Fulltext PDF Fulltext HTML

How to cite this article
Qing Yang, Ping Zhou and Jingwei Zhang, 2010. Frequent Browsing Patterns Mining Based on Dependency for Online Shopping. Information Technology Journal, 9: 1246-1250.

Keywords: Frequent dependency, multiple candidate sets and containing class

INTRODUCTION

Online shopping has become the primary activity in web. Over 85% of the world's online population have used the internet to make a purchase and more than half of internet users are regular online shoppers who make online purchases at least once a month (Nielsen Company, 2008). Not like shopping in supermarkets, consumers can easily find what they want in the capacious room for display of goods. In Internet mall, goods can be only presented in web pages, which can not present more goods for consumers at the same time. Though searching functions are provided in most of web sites, it is not still convenient to find what consumers really need. Efficient commodity organization and recommendation can increase sales (Wolf, 2007; Lee and Kwon, 2008). It is necessary for webmasters to let consumers see the commodities that they really want easily, which means that the webmasters must present the salable goods for most of consumers on the prominent position in their websites. Obviously, what are the salable goods is the primary problem. Some webmasters often place the promotional or discount products in the front page, but maybe they are not what the consumers really want. In this study, a strategy based on frequent pattern mining is proposed to find the most welcome product combination for most of consumers, which is applied on the consumers' browsing records.

Frequent pattern mining is a classical problem in data mining, many researchers give out their solutions for different data environments. Agrawal and Srikant (1995) firstly introduced frequent sequential patterns in large databases of customer transactions and in Srikant and Agrawal (1996), they generalized the problem with time constraints and relaxed the restriction on the consistency of the elements' sources. The advised methods use the strategy of candidate set generation-and-test. Han et al. (2004) proposed a novel FP-growth mining method, which adapts a FP-tree structure and can compress a large database into a smaller FP-tree structure to reduce the database scans and the number of candidate sets. Pei et al. (2004) and Han et al. (2000), are developed FreeSpan and PrefixSpan, both of them are projection-based, sequential pattern-growth approach, which can reduce the generation of candidate subsequence and are fit for more larger sequence databases.

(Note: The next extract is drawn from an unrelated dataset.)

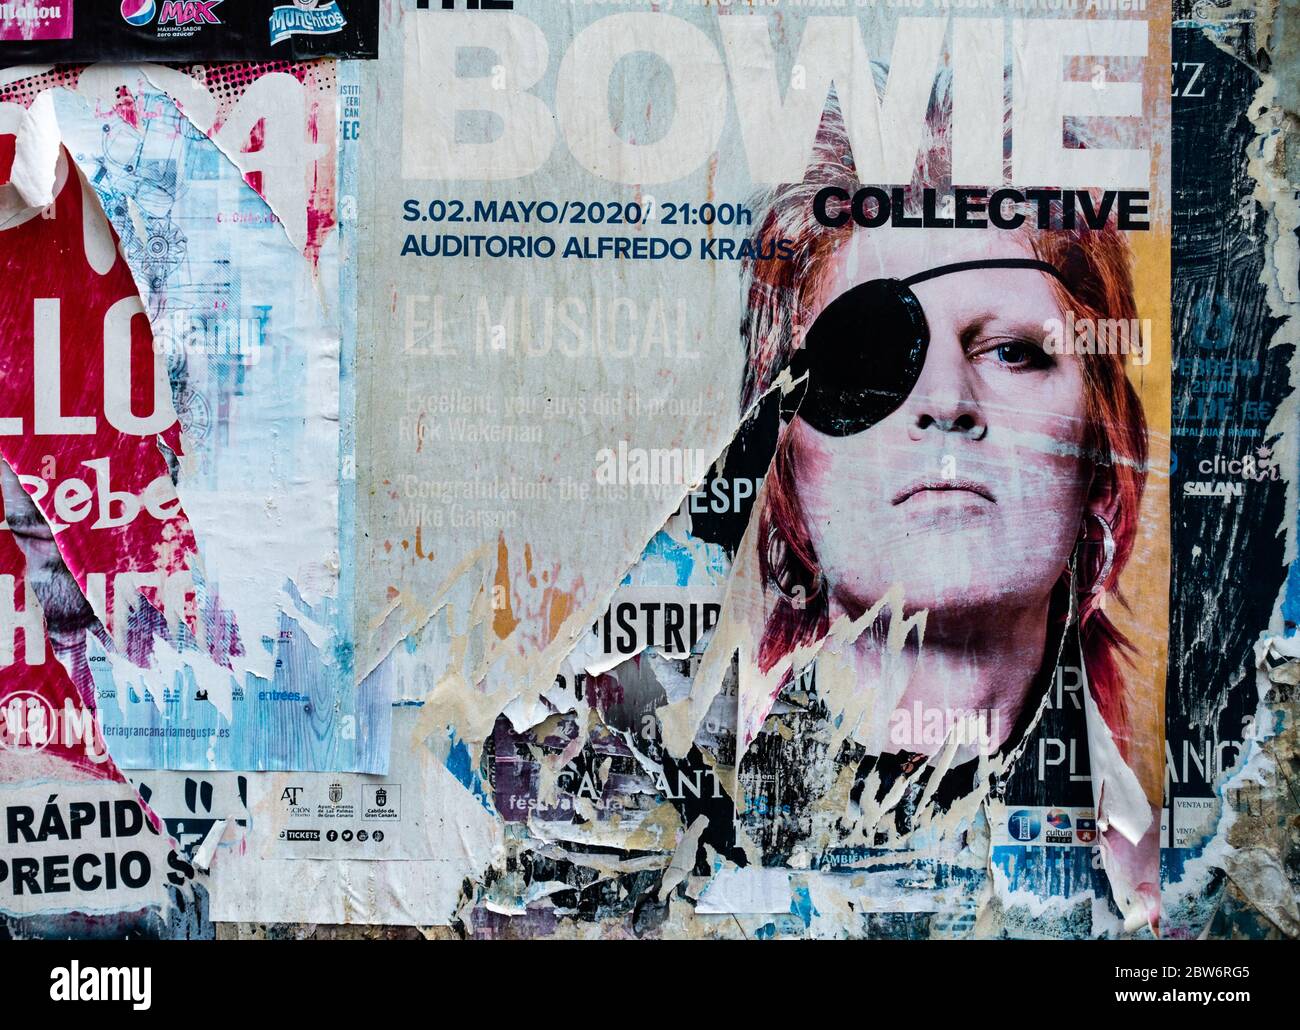 David Bowie tribute band, The Bowie Collective, poster in Spain Stock Photo

The online shopping environment has its own characteristics, which is a little different from classical sequential database in the strict sense. We can consider its data as two-valued. Every sequence is possible to be long because of varieties of commodities and frequent browsing patterns are often short because of the fact that a consumer is impossible to be interested in large numbers of goods at one time. It is important to examine the frequent pattern problem in this situation. In this study, we propose a method based on frequent dependent relationship among commodities, the dependent relationship is computed according to a frequent similar function and a given support threshold. Through the dependent relationship, we can find all containing classes which can help us to narrow the search space.

PROBLEM DEFINITION

The problem of frequent browsing pattern mining in online shopping environment is detailed and some formal definitions are made for the problem. A concrete example is accompanied to understand these definitions.

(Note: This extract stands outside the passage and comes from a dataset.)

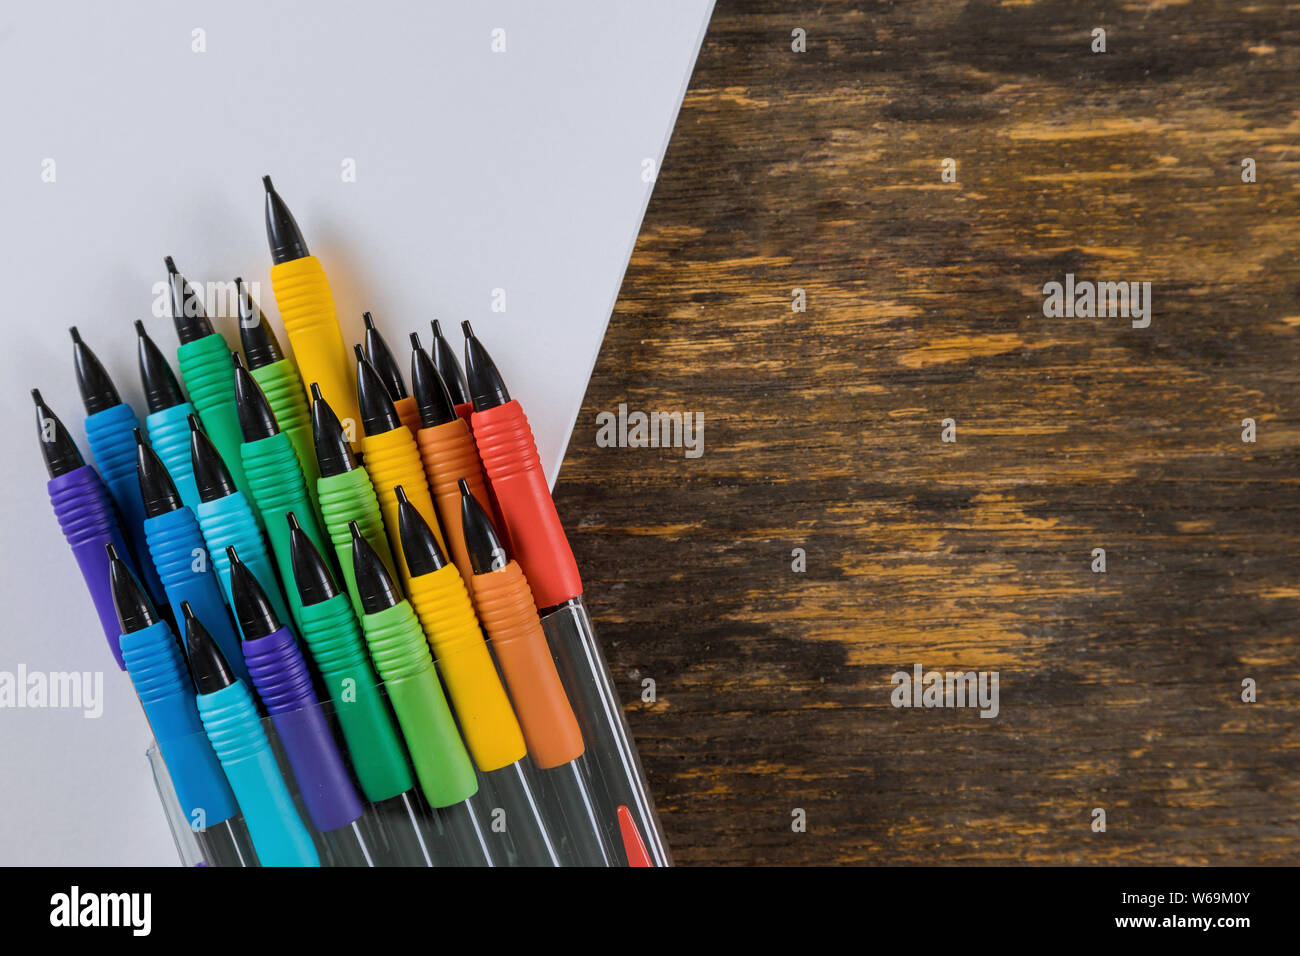 Pencils and drawing or sketch pad on wooden background. School

A two-dimension matrix is used to denote users' browsing data, whose rows represent users and columns represent commodities, which will be also called as items. Every row can be called user's browsing vector, every column can be called commodity's browsed vector. The whole matrix is called as basic fact table (abbr. FT). Every field in the table is two-valued, 0 or 1. If the ith user browsed the jth commodity, FT[i][j]=1, otherwise 0.

A commodity pattern is a combination of some commodities, which is a subset of the whole commodity set. A minimum support value is given, remembered as min_support, which is a threshold for deciding whether a commodity combination pattern is frequent. A pattern is frequent iff all commodities in the pattern appear in at least min_support users' browsing vectors synchronously.

In order to compare the frequent browsed similarity among commodities. A frequent similar function is introduced, remembered as simFrequent. This function returns an integer.

Given two different commodities ci an cj, whose corresponding browsed column vectors are Cvci and Cvcj and both of them are n-dimensional. ci and cj will appear in some frequent subpatterns iff simFrequent (Cvci, Cvcj)≥min_support. simFrequent can also take more than two parameters or only one parameter. For example:

Obviously, simFrequent is monotone. Given two sets of items, S1 and S2, S1⊆S2. If simFrequent (S2)≥min_support, simFrequent (S1)≥min_support, is also right. If simFrequent (S1)≥min_support, simFrequent (S1)≥min_support, too. We will utilize the characteristic to optimize our computing later. We make several related definitions as follows,

Definition 1: Frequent dependent relationship given a commodity X, for every element Y in the commodity set, if simFrequent(X,Y)≥min_support, we say frequent dependent relationship exists between X and Y, remembered as X→Y.

Table 1: Basic fact table of browsing log

Definition 2: If X→Y and ∀i, X[i]≥Y[i], we say that X decides Y, remembered as x⇒Y.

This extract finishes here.